President Bush (search) attacked John Kerry's 19-year record in the Senate on Friday, answering the Democratic convention mantra "America can do better" with a new GOP refrain of his own: "Results matter."

Bush repeated the slogan to crowds here and in Springfield, Mo., the first two stops on a swing through four key election states. He also is campaigning in Ohio and Pennsylvania, wrapping up his latest tour with a rally Saturday in Pittsburgh, just hours after Sen. John Kerry (search) speaks in a nearby suburb.

"After 19 years in the U.S. Senate, my opponent has had thousands of votes, but few signature achievements," Bush told supporters who waved large blue and red "Ws" for the president's middle initial.

"During eight years on the Senate intelligence committee, he voted to cut the intelligence budget, yet he had no record of reforming America's intelligence capability," said Bush, whose advisers are combing the Sept. 11 commission's (search) recommendations to revamp the nation's intelligence-gathering ability.

"He's had no significant record for reforming education or health care," Bush continued. "In fact, he and his running mate consistently opposed reforms that limit the power of Washington — reforms that would leave more power in the hands of the people."

Bush, who continued to portray the Massachusetts Democrat as a tax-and-spend liberal, is seeking to limit Kerry's post-convention bounce to a dribble. Bush summed up the Democratic convention in Boston as four days of "clever speeches" and "some big promises."

Kerry, who left the convention on a two-week cross-country trip by bus, train, boat and plane, defended his record during an interview with The Associated Press in New York state.

"Look, I'm running a positive campaign for the country and I'll stand on my 19-year record — pages of legislation and long lists ranging from 100,000 cops on the street to health care for children to agent orange legislation to fisheries.

"I mean, it's a long list. I'm not going to quibble about that. They don't have a record to run on, so all they can do is attack. They're running away from their own record."

Bush is calling his latest campaign drive the "Heart and Soul of America" tour, a subtle jab at Kerry, who at a Democratic fund-raiser called some of his Hollywood friends the "heart and soul" of America. He sprinkled throughout his speeches another new campaign slogan: "We're turning the corner and we're not turning back."

During the next two weeks, Bush will talk about helping Americans adjust to a changing economy, increasing home ownership, overhauling Social Security and letting workers opt for time off as compensation, rather than overtime pay — an issue that has riled unions, Democrats and some moderate Republicans.

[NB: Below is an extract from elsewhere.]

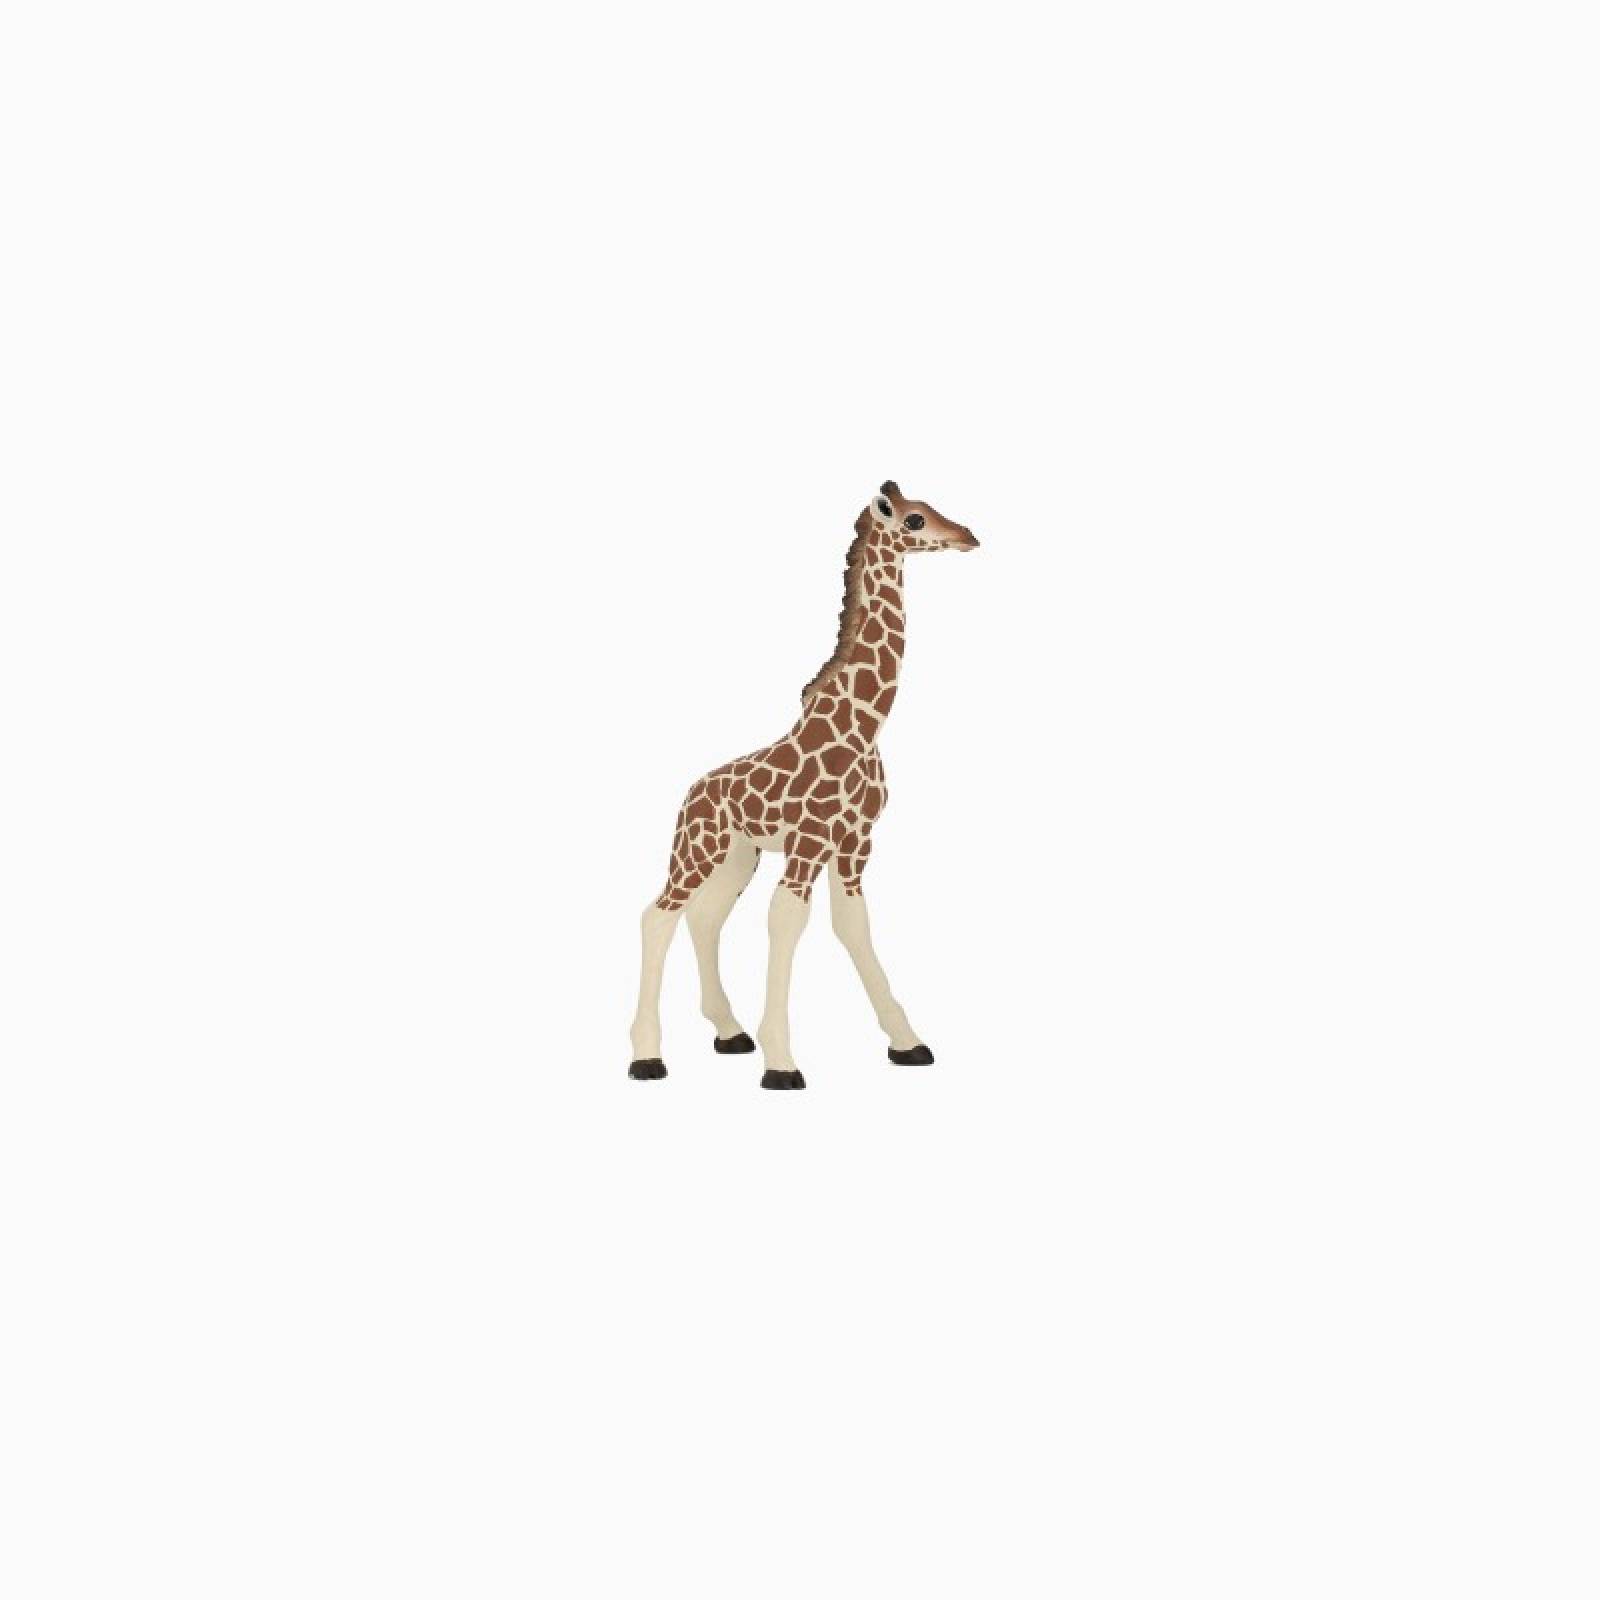 Giraffe Calf - Papo Wild Animal Figure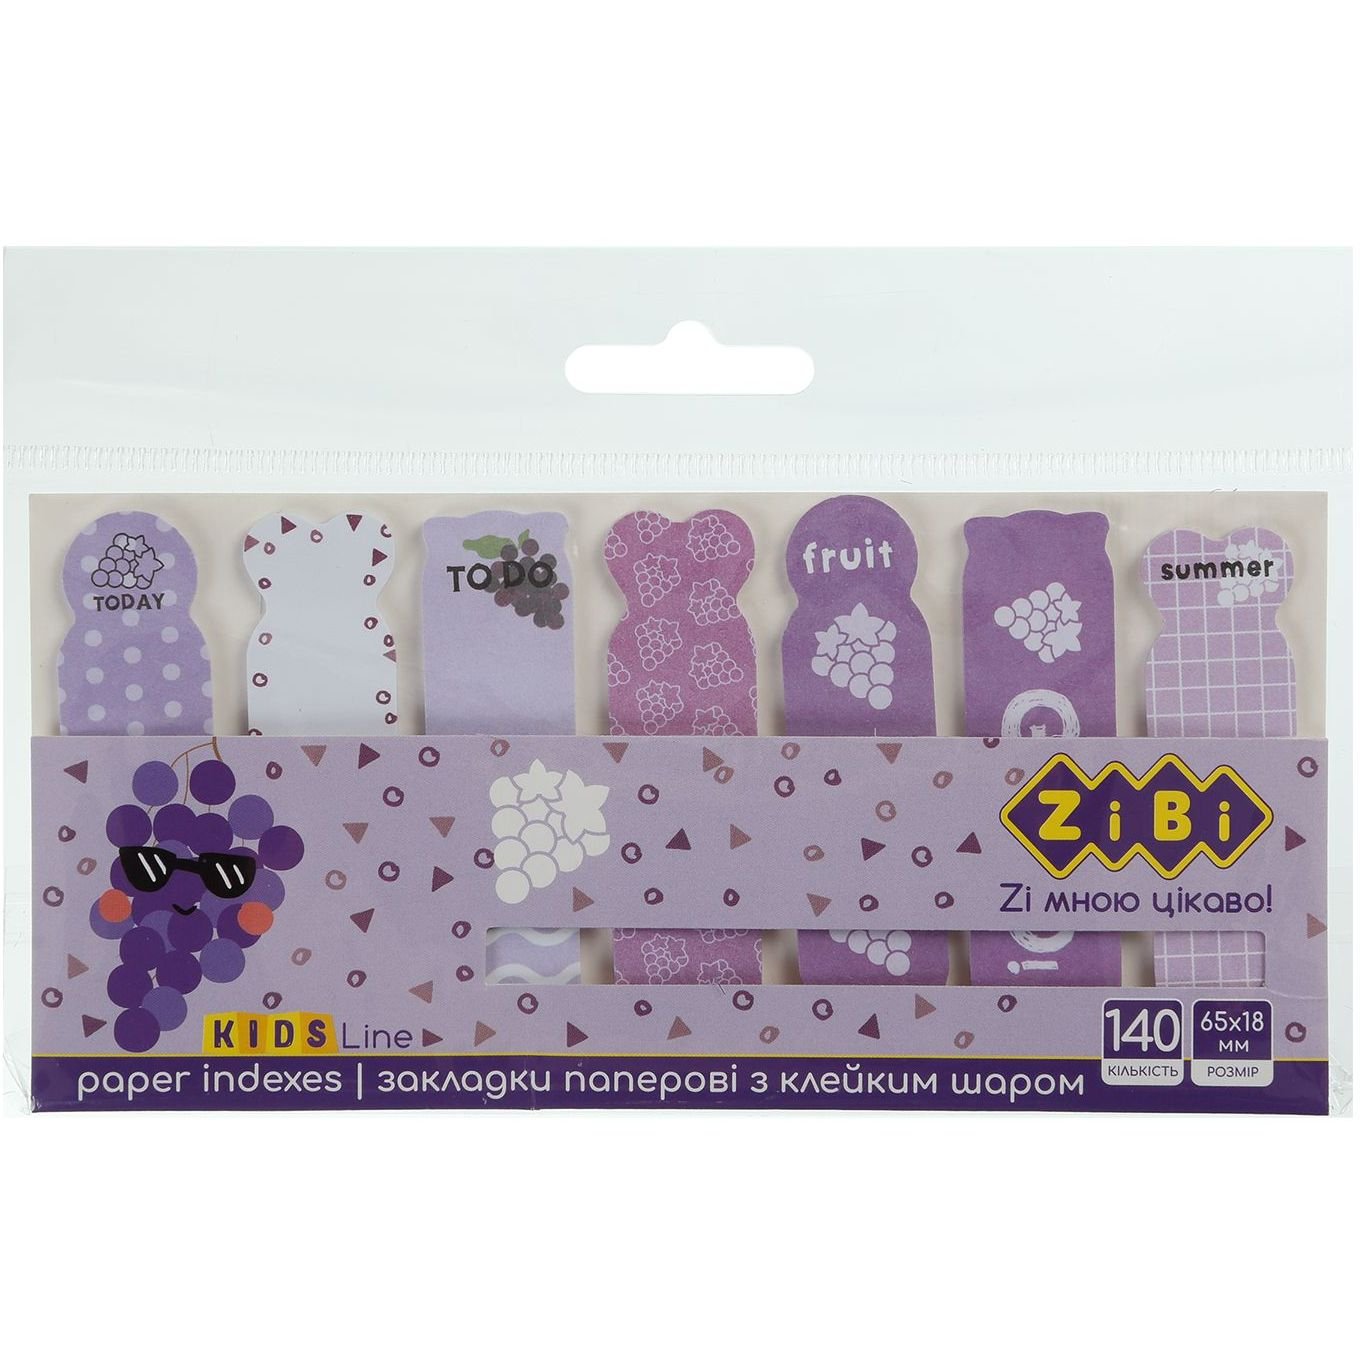 Закладки бумажные ZiBi Kids Line Grape с клейким слоем 65x18 мм 140 шт. (ZB.15102) - фото 1

The Kerry-Edwards campaign accused the president of addressing middle class concerns just three months before the election.

"Bush is finally talking about how to address the increasing stress families face each day trying to balance their responsibilities as parents in the face of massive job loss, stagnant wages, and the rising costs of life in Bush's America such as health care and education," Kerry spokesman Phil Singer said. "After nearly four years of making things harder for American families on these key issues, Bush's rhetoric might be changing: why should we believe him now?"

Bush's remarks on the economy focused on his efforts to better educate and train tomorrow's work force. He didn't mention the White House's projecting on Friday that this year's deficit will hit a record $445 billion, further fueling a debate over the president's handling of the economy.

The president's new stump speech the crowd inside the stadium in Springfield to give him several standing ovations. Outside the stadium, however, more than 100 demonstrators protested the president's 20th visit to Missouri.

Protester Steve Morrow blamed the Bush administration for the loss of his $18-an-hour job at steel plant in Kansas City, Mo. After 31 years, he was forced to retrain for a position in heating and cooling.

"I used to make a decent living, but when my plant shut down, I had to take a job that paid only $8 an hour," Morrow said.